Be the example of one " dynamically " mapping below.For an input string: " I ' m glad to seeyou.... ", if use the dynamic mapping mode of mapping example 3, then conversion will be:
Text: | I | ‘ | ?m | ?sp | ?g | ?l | ?a | ?d | ?sp | ?t | ?o | ?sp | ?s | ... |
The decimal system | 73 | ?39 | ?109 | ?32 | ?103 | ?108 | ?97 | ?100 | ?32 | ?116 | ?111 | ?32 | ?115 | ... |
16 systems | 49 | ?27 | ?6D | ?20 | ?67 | ?6C | ?61 | ?64 | ?20 | ?74 | ?6F | ?20 | ?73 | ... |
Scale-of-two | 01 001 001 | ?00 ?100 ?111 | ?01 ?101 ?101 | ?00 ?100 ?000 | ?01 ?100 ?111 | ?01 ?101 ?100 | ?01 ?100 ?001 | ?01 ?100 ?100 | ?00 ?100 ?000 | ?01 ?110 ?100 | ?01 ?101 ?111 | ?00 ?100 ?000 | ?01 ?110 ?011 | ... |
Static 1 | #J | ?@n | ?#t | ?@g | ?#n | ?#s | ?#h | ?#k | ?@g | ?#0 | ?#v | ?@g | ?#z | ... |
Dynamic 1 | A | ?B | ?C | ?D | ?E | ?F | ?G | ?H | ?D | ?I | ?J | ?D | ?K | |
The output of above-described usefulness " static state " mapping is: J@n#t@g#nshk@g#0v@g#z...
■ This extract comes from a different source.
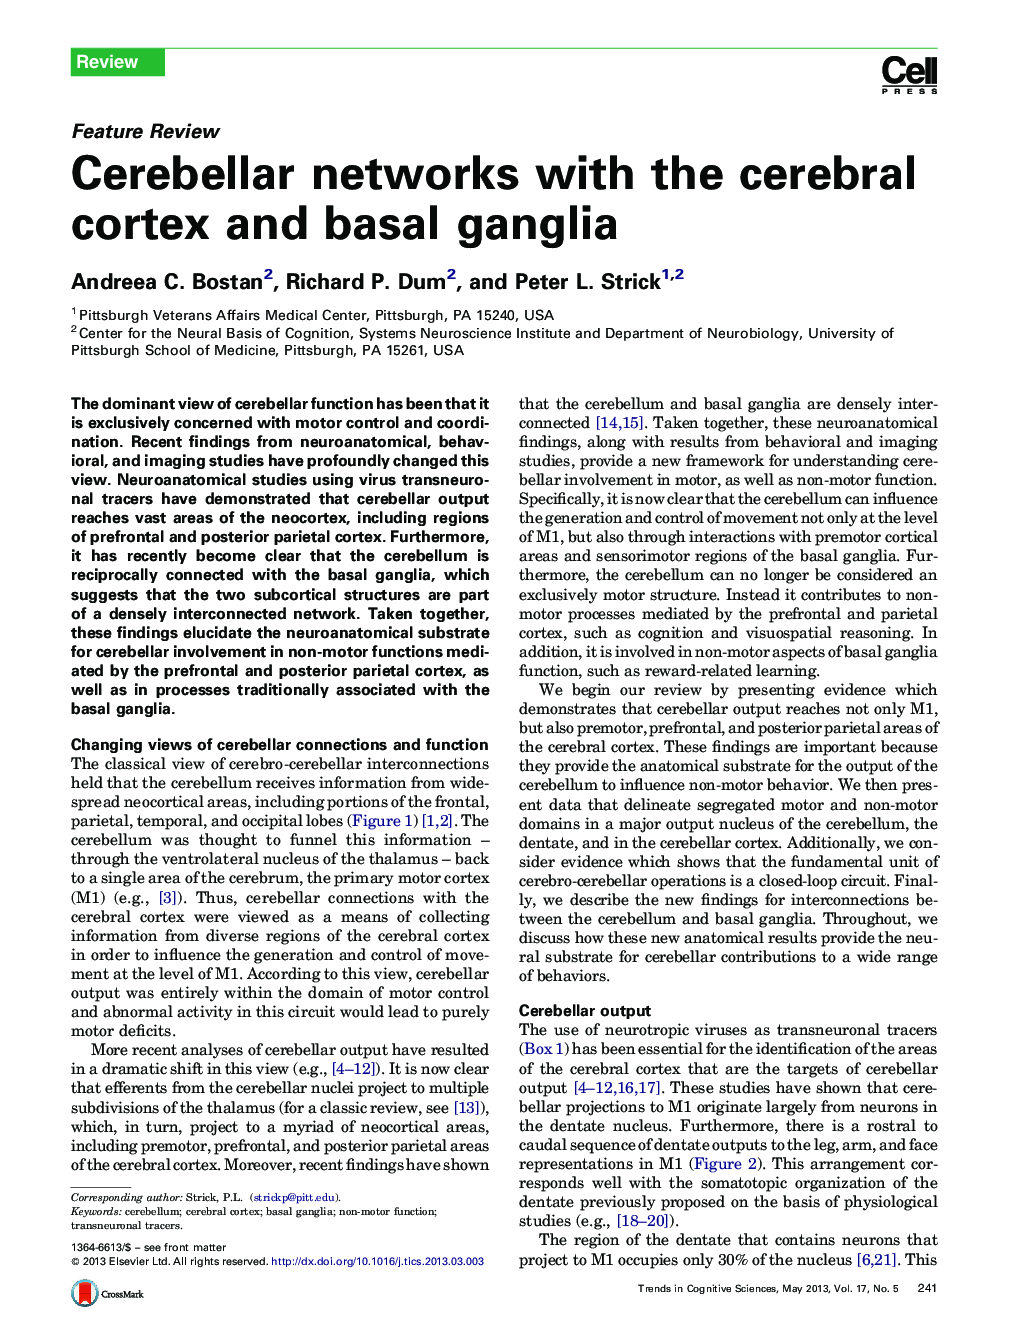 Cerebellar networks with the cerebral cortex and basal ganglia

For " dynamically " mapping is because first 64 byte is that @ is omitted and exports and is: ABCDEFGHDIJDK... among this group of Zai @+BASE64
In this case, the mapping table of " dynamically " is:
16 systems | 49 | ??27 | ??6D | ??20 | ??67 | ??6C | ??61 | ??64 | ??74 | ??6F | ??73 | ... |
Dynamically | A | ??B | ??C | ??D | ??E | ??F | ??G | ??H | ??I | ??J | ??K | |
In some applications, as the e_mail text, its used byte is less than 64, and " dynamically " of ASCII mapping at this moment arranges with respect to " static state " arrangement its superiority.Therefore, will be between group less than conversion, output is less.
The present invention has below been described by way of example.Importantly the invention is not restricted to described example, those skilled in the art can carry out various modifications to it under the situation that does not break away from spirit of the present invention.